El salto de vivir bajo los techos de un centro comercial o de la casa de sus amigos a la calle se iba a producir en este caso de una manera brusca, sin fases intermedias. Tonucci proclama lo contrario: “La autonomía debe ser un recorrido continuo que empieza con el corte del cordón umbilical y que no puede parase nunca. Cada día debería crecer un poco más desde los primeros meses”.
Nuria Thomas, profesora y pedagoga de un instituto en Barcelona, lleva tres décadas contemplando el paso a la adolescencia de cientos de chavales. En estos años ha observado algunos fenómenos: “Los chicos no conocen la ciudad. Las familias cada vez los llevan menos a ver los lugares interesantes de donde viven y descubren los monumentos con nosotros, con las excursiones del instituto”. Con respecto a la sobreprotección, también apunta algunas paradojas: “Necesitan una autorización para cualquier cosa, incluso para una clase de educación física en el entorno del centro. También están ahora mucho más regulados el control de ausencias y retrasos. Pero es porque resulta mucho más frecuente que lleguen tarde por quedarse dormidos, por ejemplo.
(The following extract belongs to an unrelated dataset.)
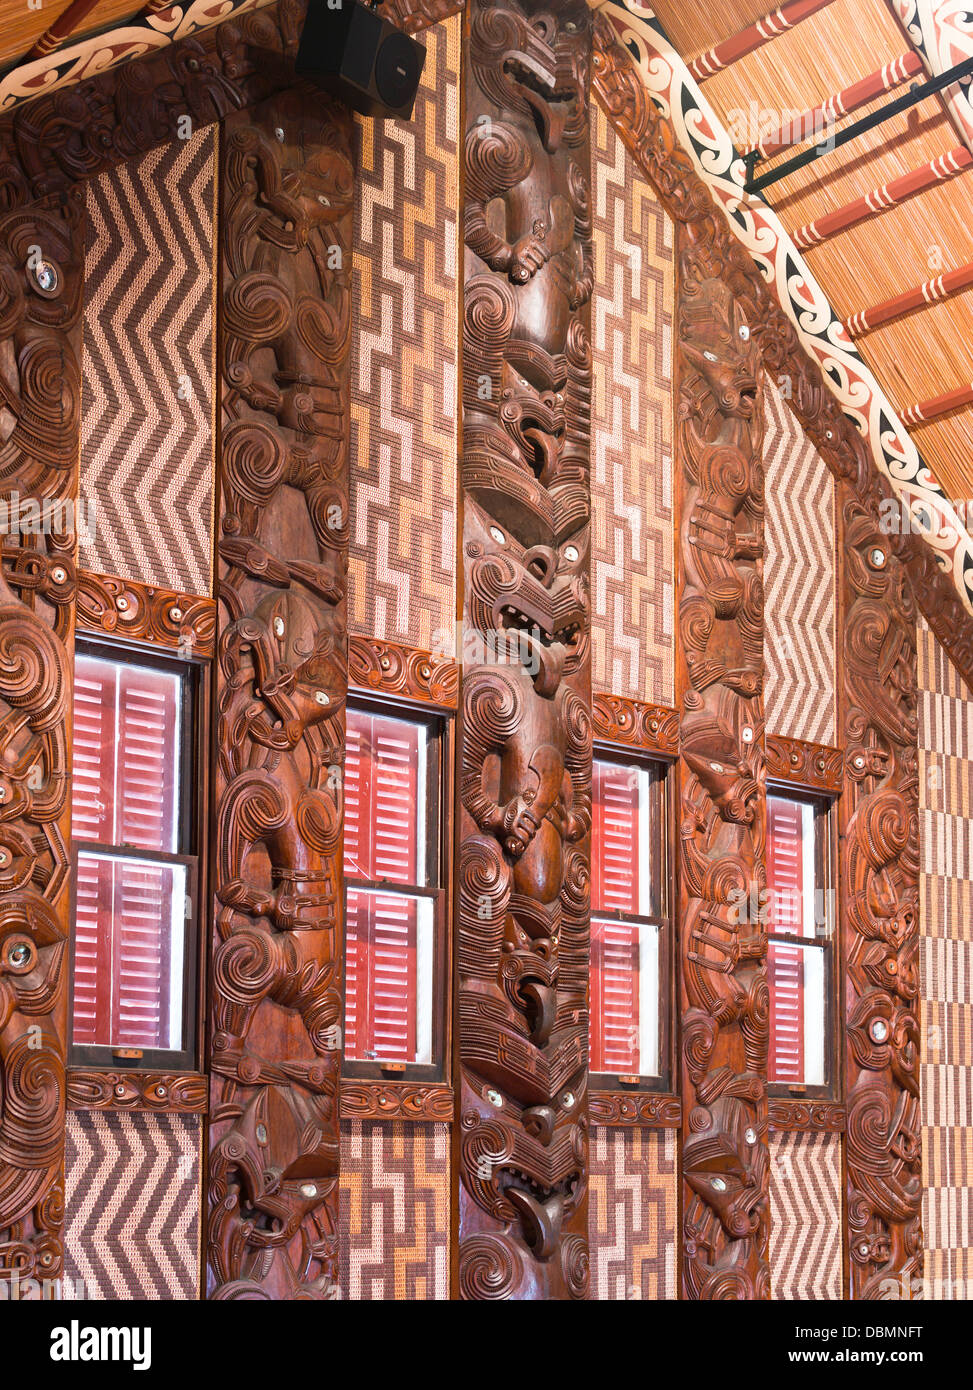 dh Waitangi Treaty Grounds BAY OF ISLANDS NEW ZEALAND Whare Runanga Interior Maori meeting house carvings carving marae culture Stock Photo

Y esto es culpa de los padres”, asume. En ocasiones hay una especie de esquizofrenia entre la hiperregulación y el descuido de las familias.
Porque la llegada a la adolescencia siempre es conflictiva. Hay que ir estableciendo nuevas reglas y pautas de comportamiento que, en opinión del psicopedagogo Pedro Santamaría, tienen que ser pactadas entre hijos y padres. “Hay que intentar que el menor se encuentre legitimado en su nueva autonomía, pero con línea de encuentro, unos límites”, propone. Aunque quiere dejar claro que cada caso específico es distinto de otro, pone algún ejemplo: “Lo ideal sería pactar unos horarios adecuados. Un menor de 13 años, por ejemplo, nunca debería llegar más allá de las diez de la noche a casa. Esto debería estar muy meditado, muy hablado”. Lo que argumenta es que no se puede pasar a un descontrol total en la adolescencia. Pone el ejemplo de la vida virtual de los videojuegos e Internet: “Este tipo de relación tan artificial que tiene el adolescente con la máquina tiene que ir tutorizada por un adulto”. Una vez más, se propone compaginar la libertad del menor para elegir con unas ciertas guías. “Debe haber mecanismos adaptativos al cambio. Tenemos que plantearnos cómo generar una conciencia en donde se puedan desarrollar conductas que ayuden a estos adolescentes a saber colocarse en una vida donde se exige cada vez más autonomía. Este es el nuevo planteamiento de la Universidad con Bolonia, que ellos sean capaces de dirigir su propia formación. Pero tiene que haber alguien que les enseñe”, concluye.
No hay receta ideal, un padre no es mejor que otro por dejar más o menos libertad, pero lo que los expertos recomiendan es tratar de buscar un equilibrio entre libertad y protección.